### Goal of the exercise
Reproduce, exactly and in full, the lines from the one with "Camiseta Stone Island" through the one with "Skyy Vodka 1140 mL bottle" in the data below; drop pictures.

### Data under study
•••

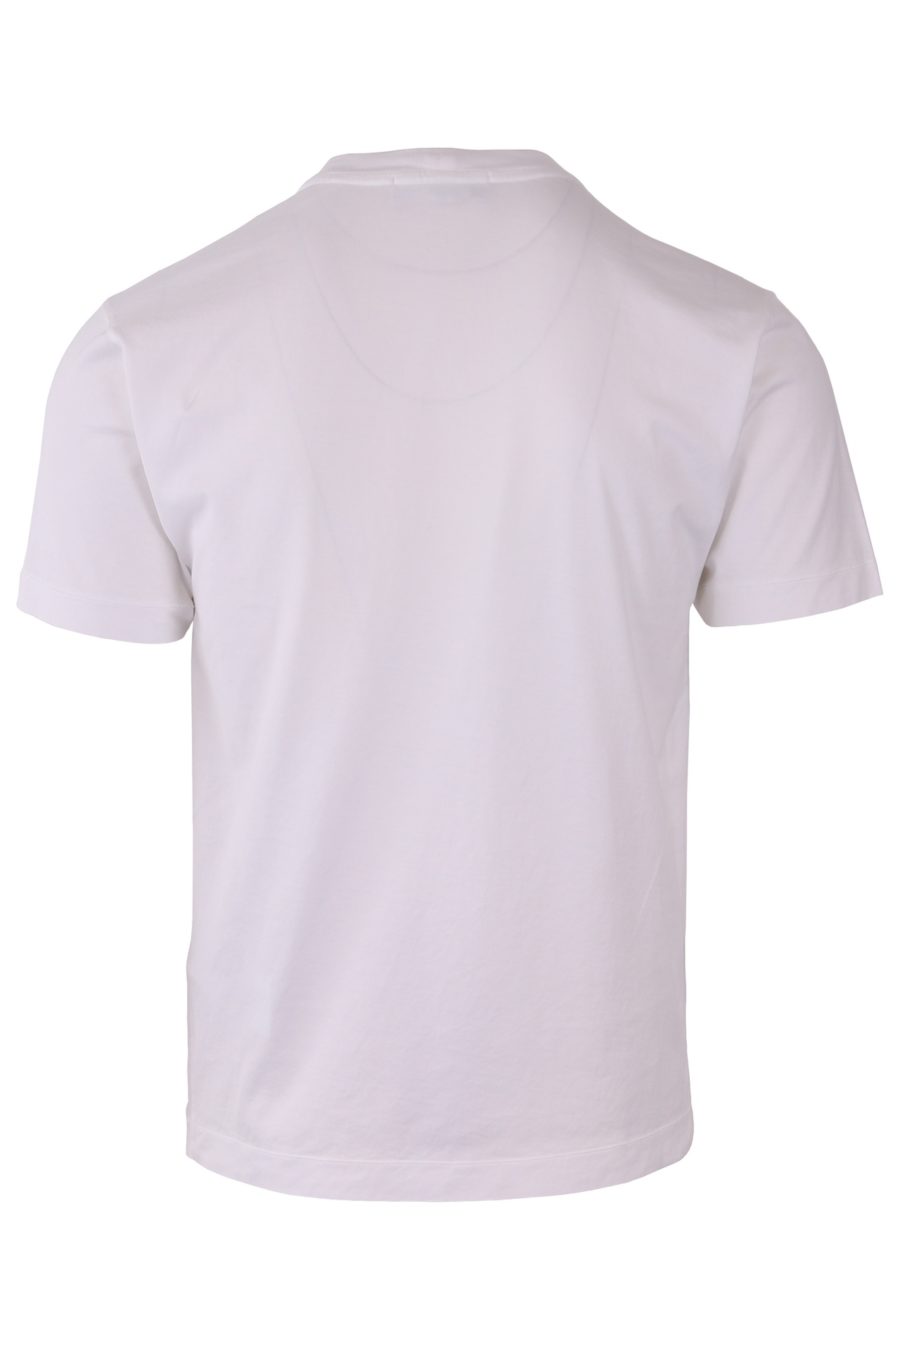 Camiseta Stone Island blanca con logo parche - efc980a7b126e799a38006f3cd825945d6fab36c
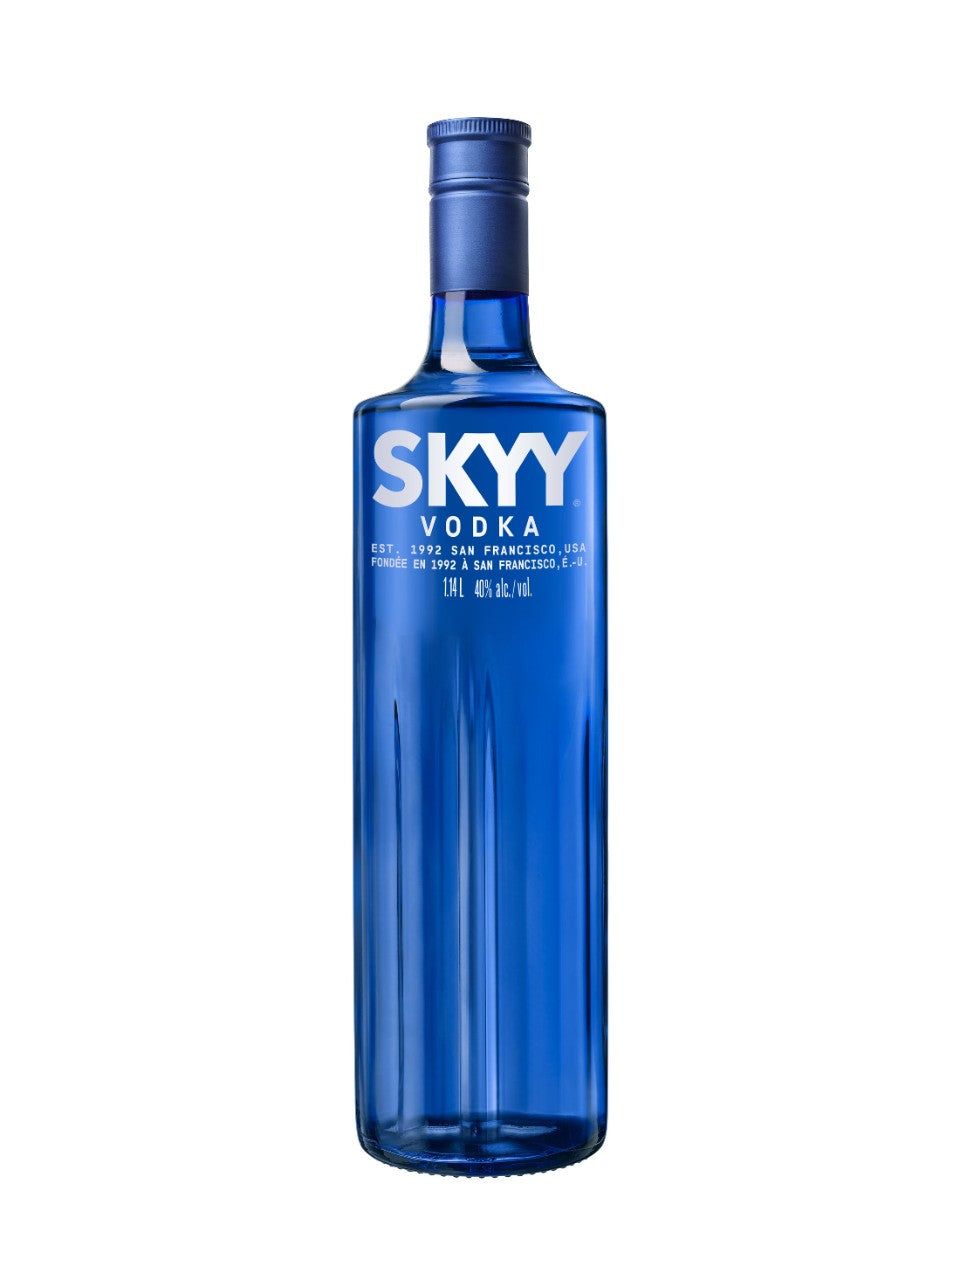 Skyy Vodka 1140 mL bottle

•••

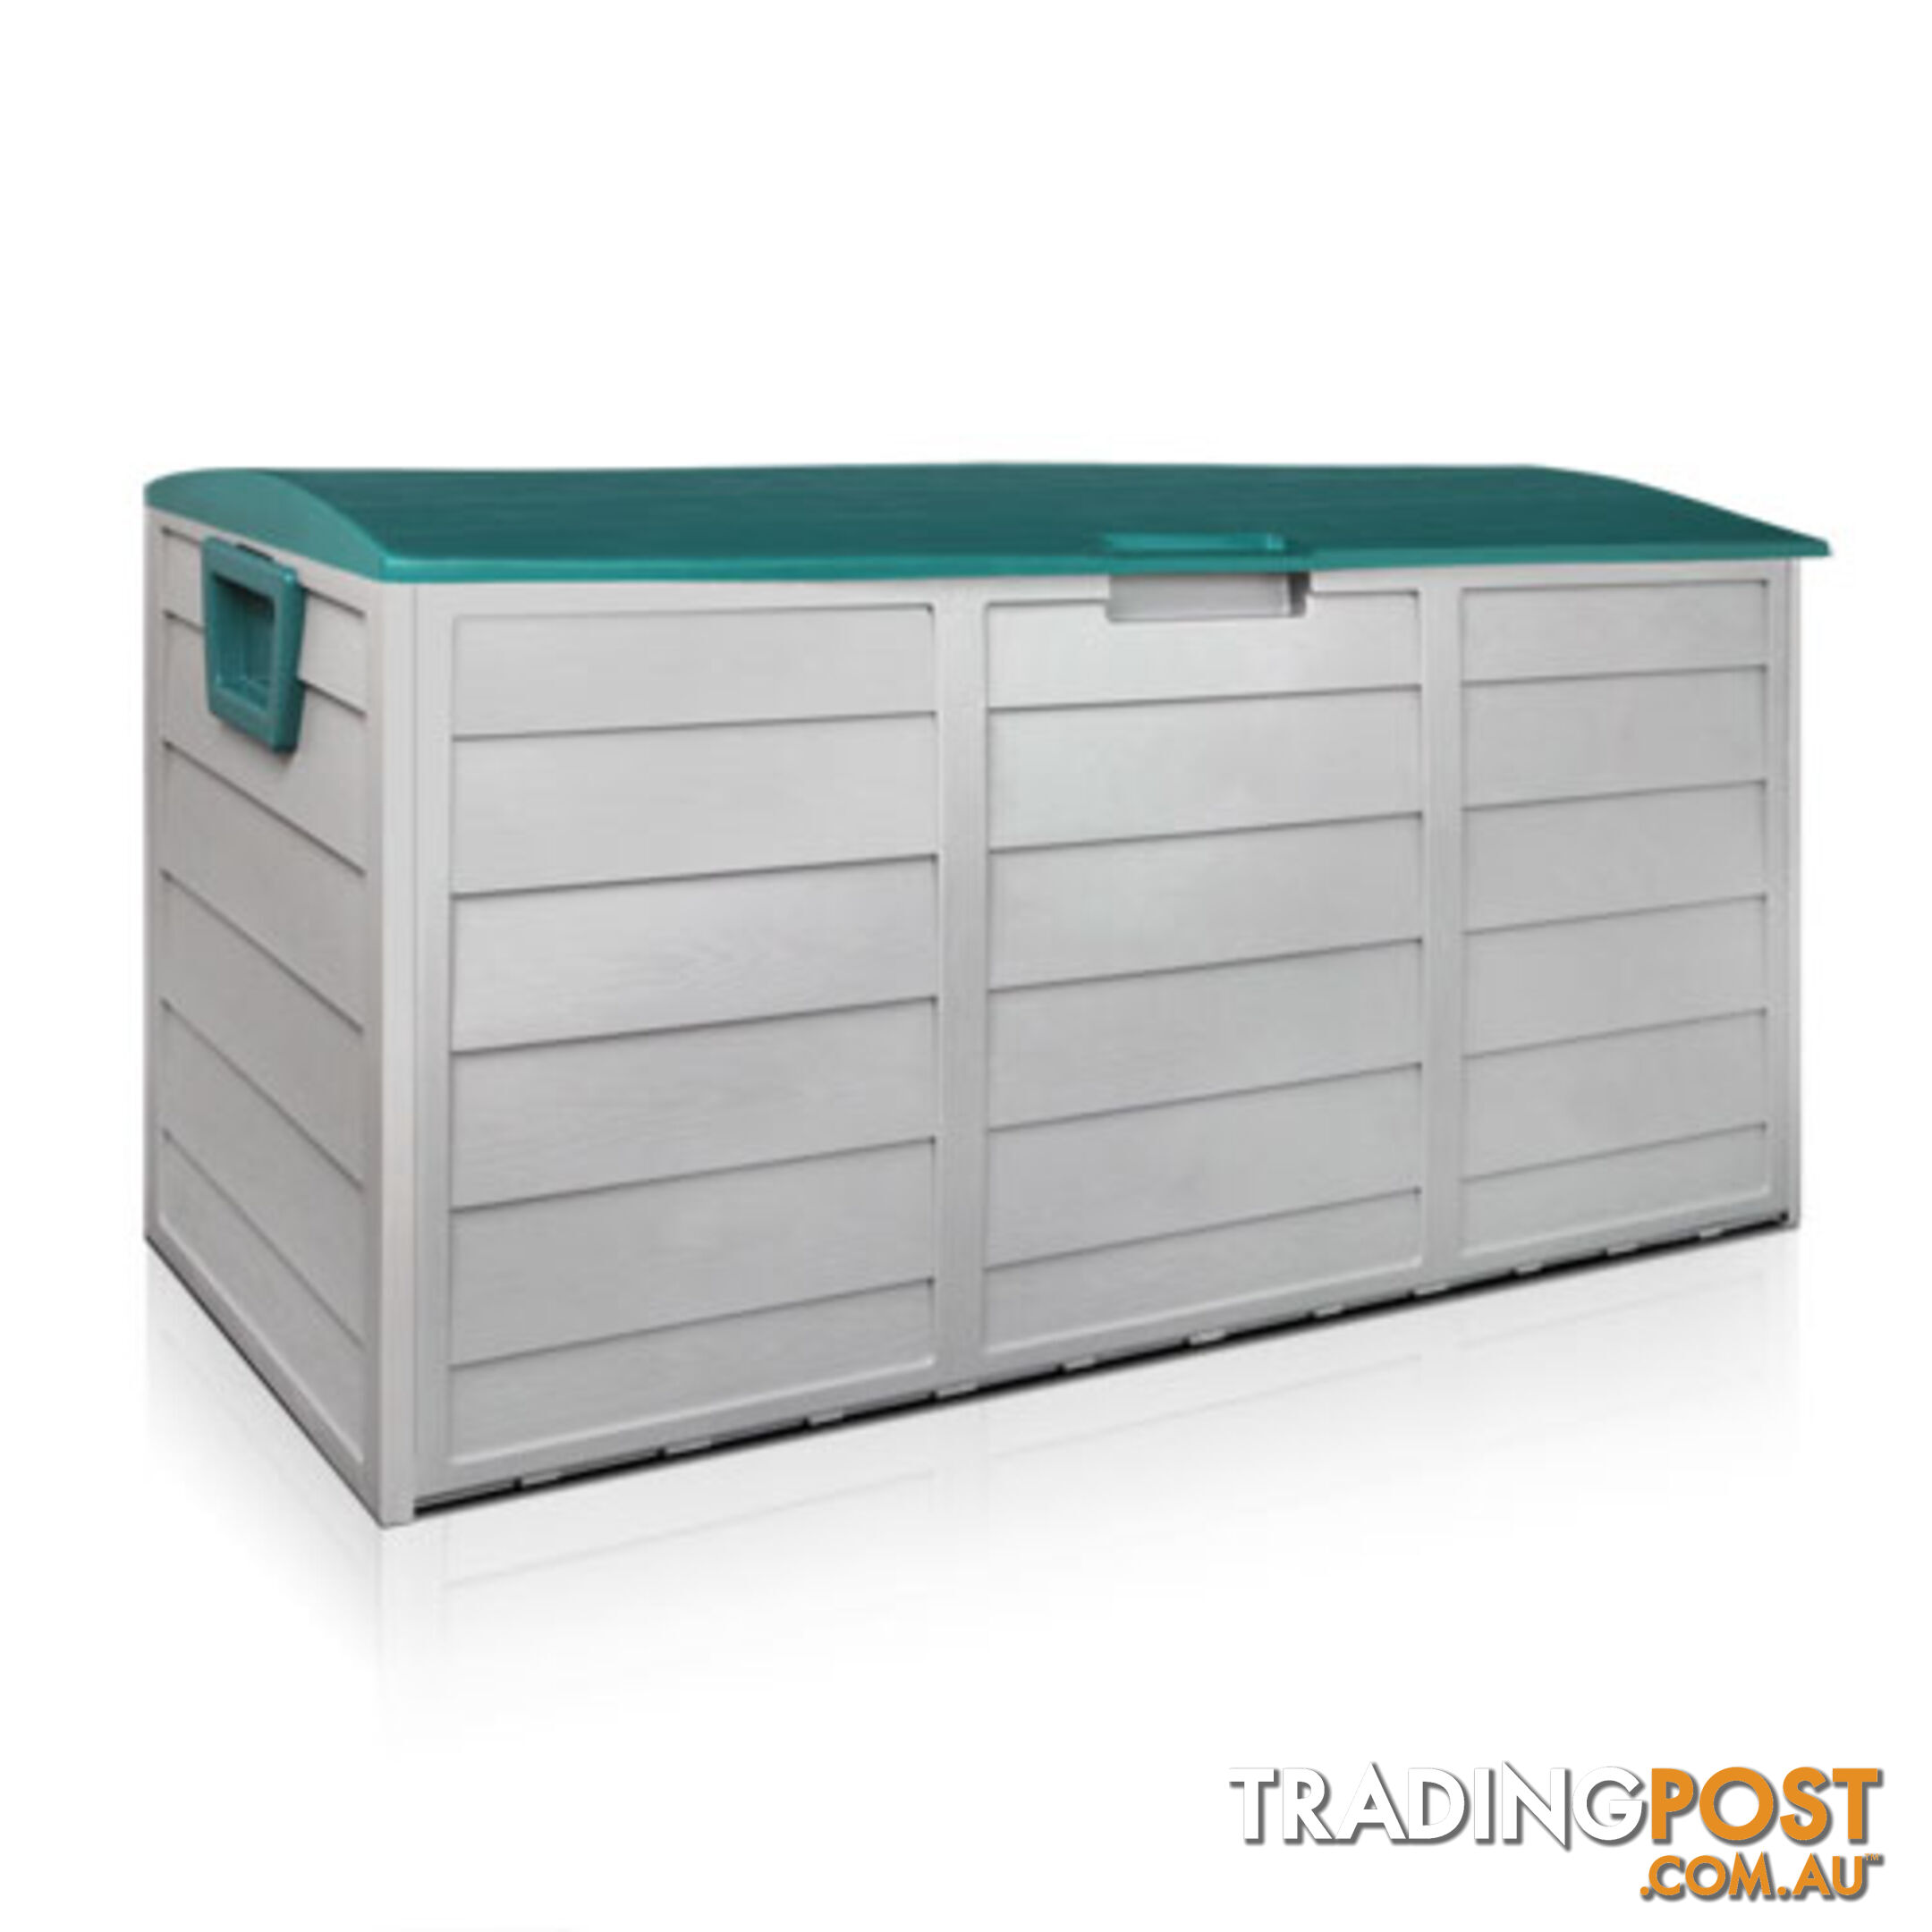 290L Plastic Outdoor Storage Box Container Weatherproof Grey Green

•••

### Solution
 Camiseta Stone Island blanca con logo parche - efc980a7b126e799a38006f3cd825945d6fab36c
 Skyy Vodka 1140 mL bottle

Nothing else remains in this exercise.